The bill would make the following changes:
- Medicare payments to doctors would increase 0.5 percent/year (less than inflation) to 2019, then would be frozen for six years, then increase modestly.
- In 2019, doctors could receive higher payments if they participate in a new program that measures quality instead of volume.
- Medicare premiums would increase slightly for all seniors. Seniors with incomes over $133,501 would pay more. After 2020 the threshold declines so more seniors would pay more.
- Medigap policies after 2020 are slightly less generous, requiring seniors to pay $150 deductibles. (Today they pay nothing.)
- Senior services funding would continue through 2017. Special Needs Plans (SNPs) would be funded through 2018.
- Payments to hospitals and skilled nursing facilities for post acute care and rehab would see limits on payment increases.
Avik Roy, healthcare analyst for The Manhattan Institute, is critical of this legislation. He is concerned about the cost of this legislation, which will raise the federal deficit by an estimated $141 Billion over the next decade. He seems to believe this is a move by Congress to protect the incomes of doctors.
Roy says, “But Congress appears to believe that the biggest problem facing American health care is that doctors don’t make enough money. This is such a big problem, they say, that it’s worth actually adding to Medicare’s unfunded liabilities in order to ensure that doctors make more.”

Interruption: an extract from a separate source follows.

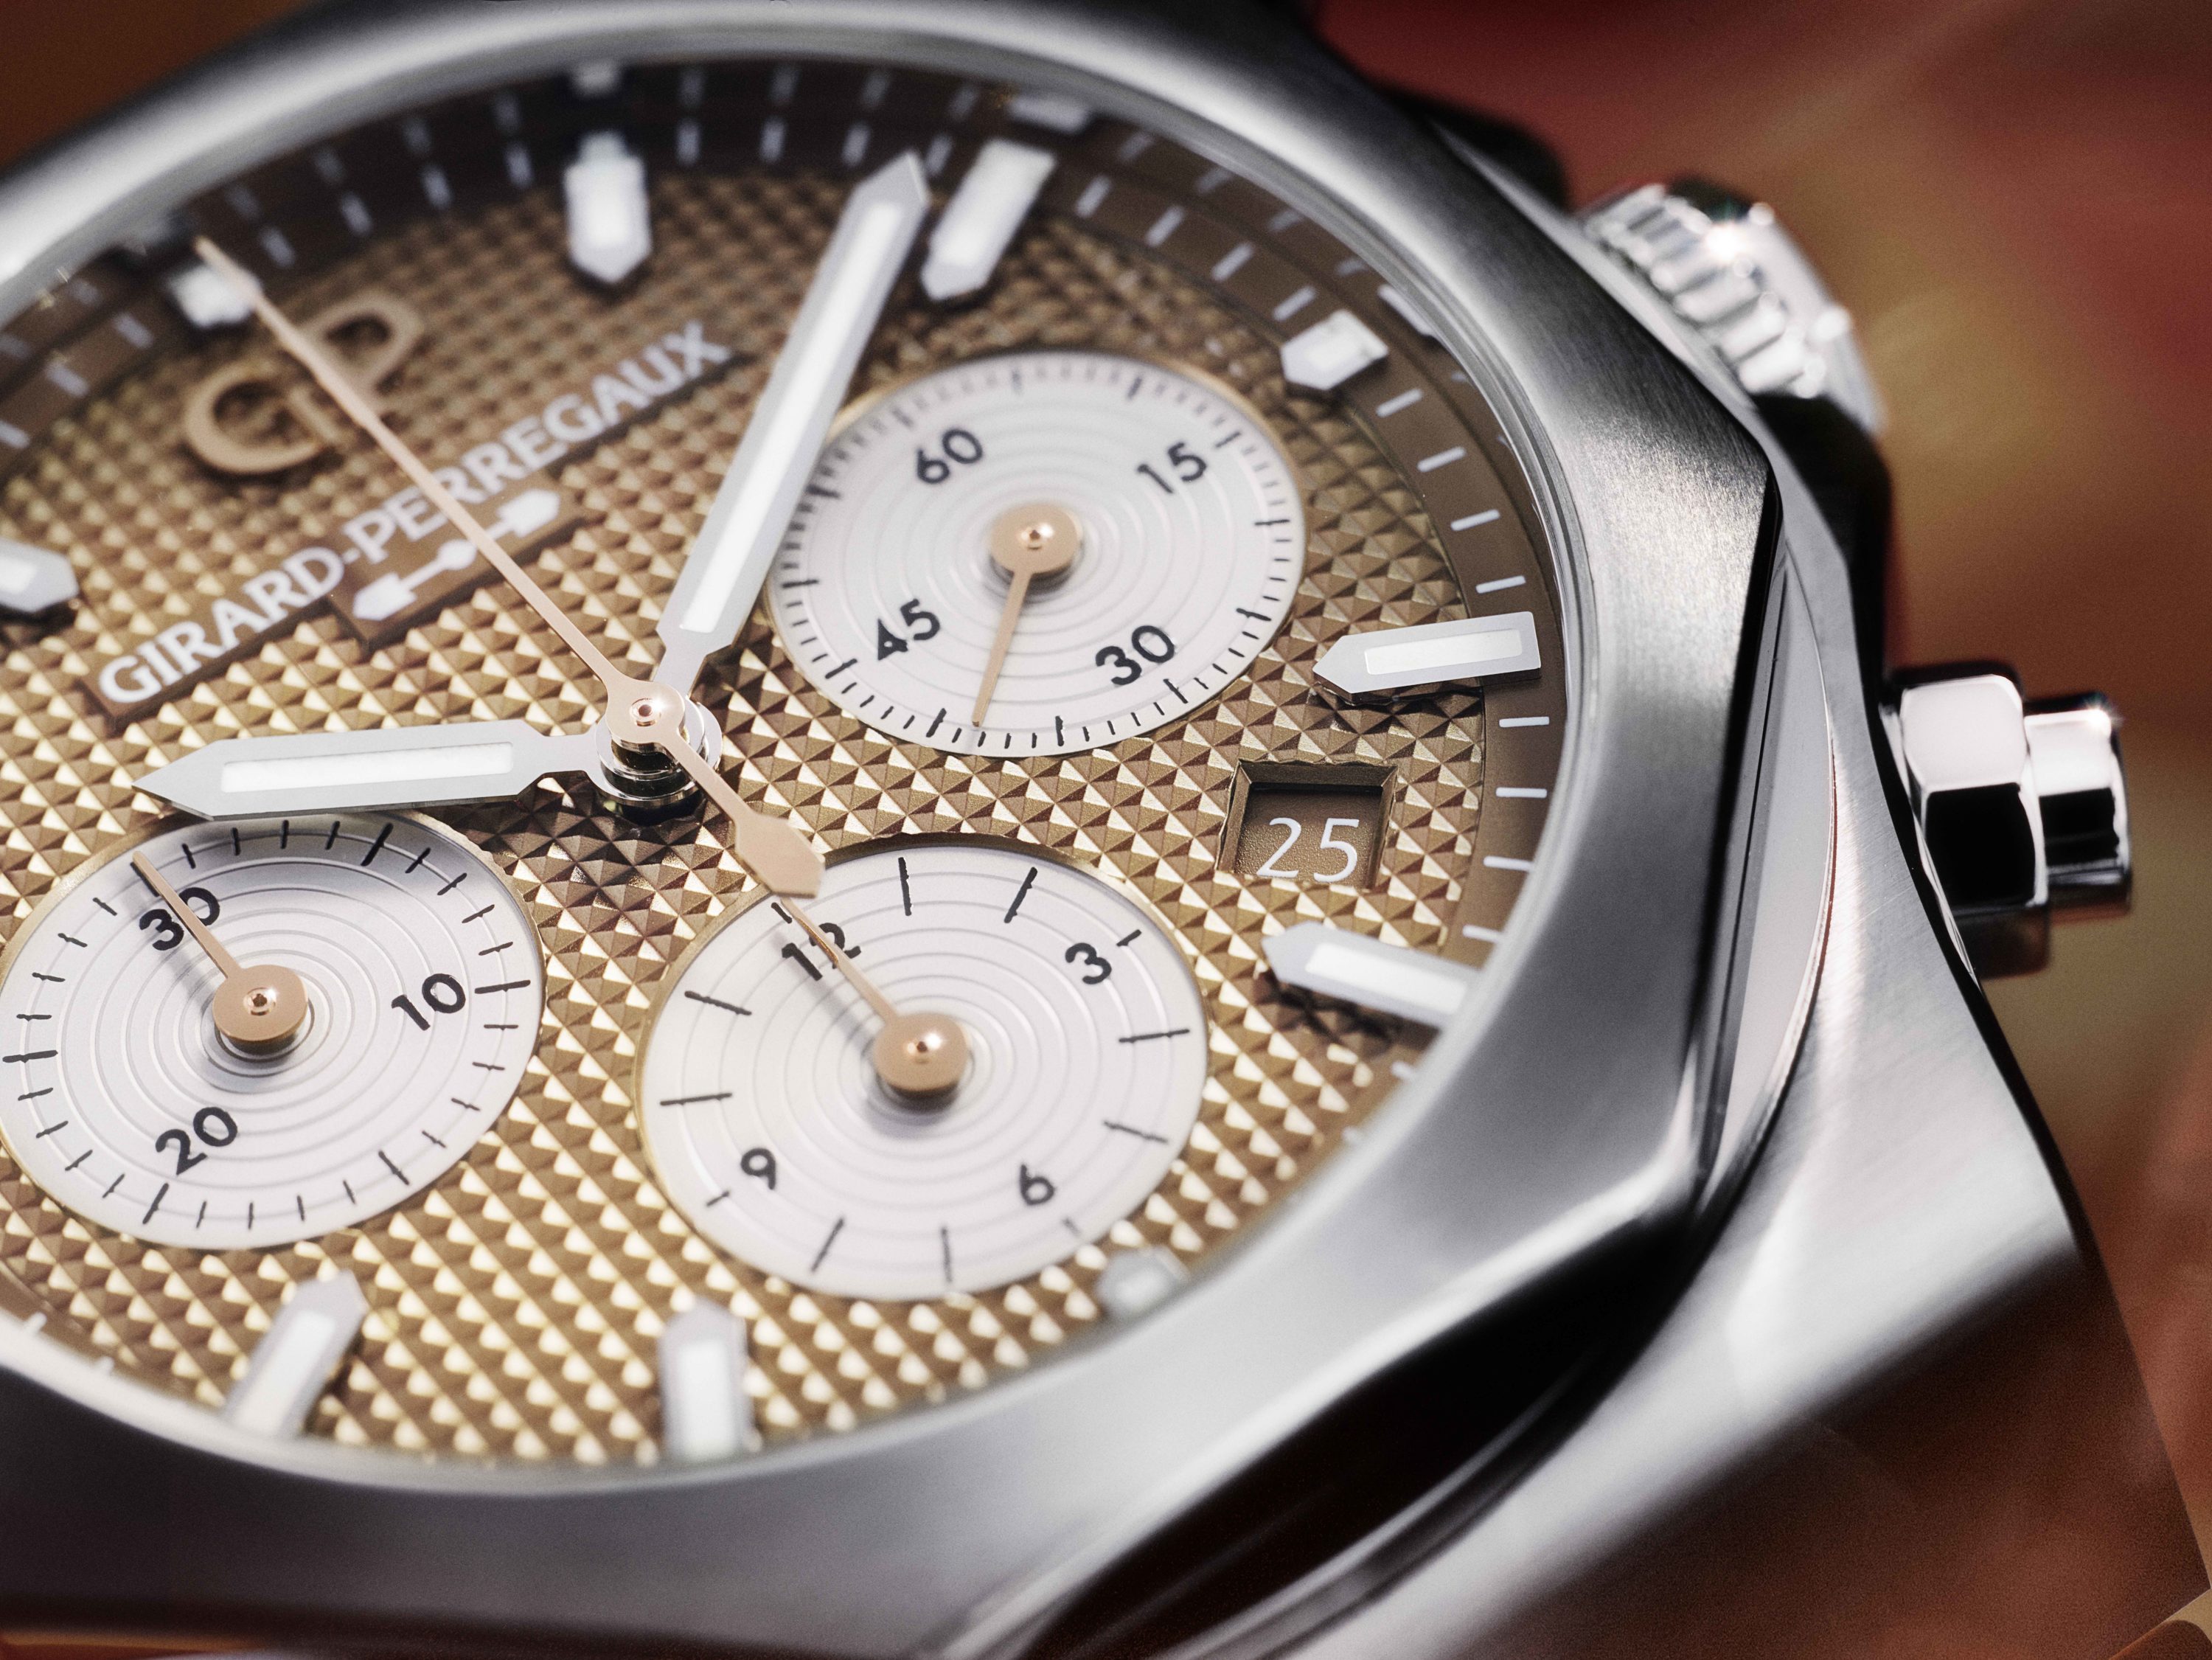 Wempe Launches Third Model of “Signature Collection” with Girard-Perregaux

I have often cited the work of Roy in the past and highly respect his usual analysis of healthcare reform. But strangely on this issue he has lost sight of the forest for the trees.
First, this bill merely seeks to codify the continued payment of fees to doctors that has been annually appropriated by the ‘doc fix’ every year since 2003. In other words it is a rare move by Congress to acknowledge the real cost of healthcare rather than continue the myth that ObamaCare cuts the federal deficit.
Second, this bill increases payments to doctors by only 0.5% each year until 2019, which is less than inflation. Mainly, it protects doctors from the draconian cuts mandated by ObamaCare that would devastate the system and threaten healthcare for all seniors. As stated earlier in this post, payments to doctors already cover only 78% of the actual cost of delivering healthcare. Doctors seeing Medicare patients are already losing money; this just prevents further losses.
Third, Roy cites comparison of doctor incomes in the U.S. to other foreign countries as justification of lowering their fees. While these comparisons may be valid, the real issue is not a comparison of incomes but access to healthcare for seniors. If Medicare fees are allowed to go down again, many doctors will refuse to see Medicare patients just like they refuse to see Medicaid patients today.
Fourth, we already have a doctor shortage in this country that is getting progressively worse. Significant cuts to Medicare will only exacerbate this growing problem. That’s precisely why Congress has responded with bipartisan support to prevent this problem for the last twelve years!
Medicare must find more funding if it is to remain a viable system for treating senior Americans. Asking wealthier seniors to pay more is a reasonable approach. Asking Medigap policyholders to pay something is also reasonable. Maintaining current doctor payments will preserve access to healthcare and prevent the exodus of more physicians from the workforce.
The issue is not doctors’ incomes. The issue is the need for seniors to be certain they can find a doctor. Even President Obama seems to understand that much.